A discharge under . . . this title does not discharge an individual debtor from any debt-
* * *
for money, property, services, or an extension, renewal, or refinancing of credit, to the extent obtained by- false pretenses, a false representation, or actual fraud . . . .

         Superior argued that the entire Judgment was “derivative from the jury verdict . . . awarding Superior damages on its fraud claim” so the entire Judgment “is non-dischargeable” due to “actual fraud.” (R. at 8.)

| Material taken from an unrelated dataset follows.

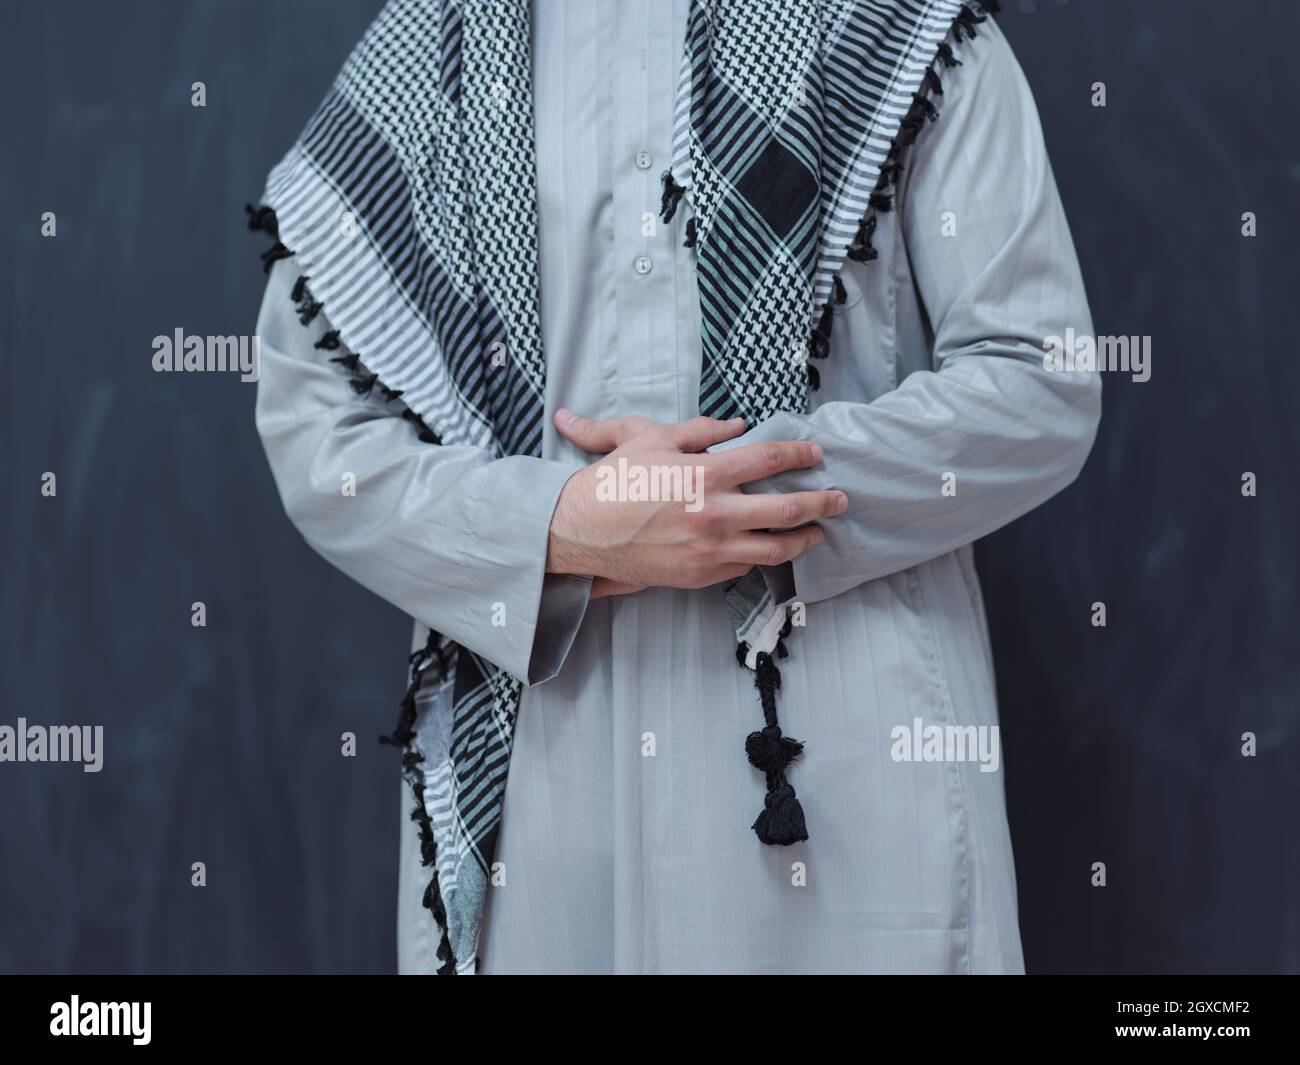 Porträt des jungen arabischen Mannes in traditioneller Kleidung vor schwarzer Tafel, die moderne islam-Mode und ramadan-Kareem-Konzept darstellt Stockfoto

         Superior soon moved for summary judgment in the adversary proceeding. (R. at 45.) Superior argued that “the jury in the [State Court] Case determined that Munoz had committed ‘actual fraud' and entered damages in favor of Superior accordingly” and so “Munoz is collaterally estopped from re-litigating [the ‘actual fraud'] issue.” (R. at 53- 54.) Moreover, Superior argued that the attorneys' fees award is properly considered a debt connected to the actual fraud, and so is non-dischargeable. (R. at 50-53.) Thus, in Superior's view, it was entitled to a judgment of non-dischargeability for $90, 733.79, plus postjudgment interest and attorneys' fees and costs incurred in the adversary proceeding itself (per the Agreement's fee-shifting clause). (R. at 50, 54-55.)

         As relevant here, Munoz responded that the State Court had never apportioned “the amount of Attorneys' Fees granted in defending against Mr. Munoz's claims versus each of the Counterclaims.” (R. at 100.) Thus, Munoz argued that the Bankruptcy Court could deny summary judgment because Superior failed to prove ...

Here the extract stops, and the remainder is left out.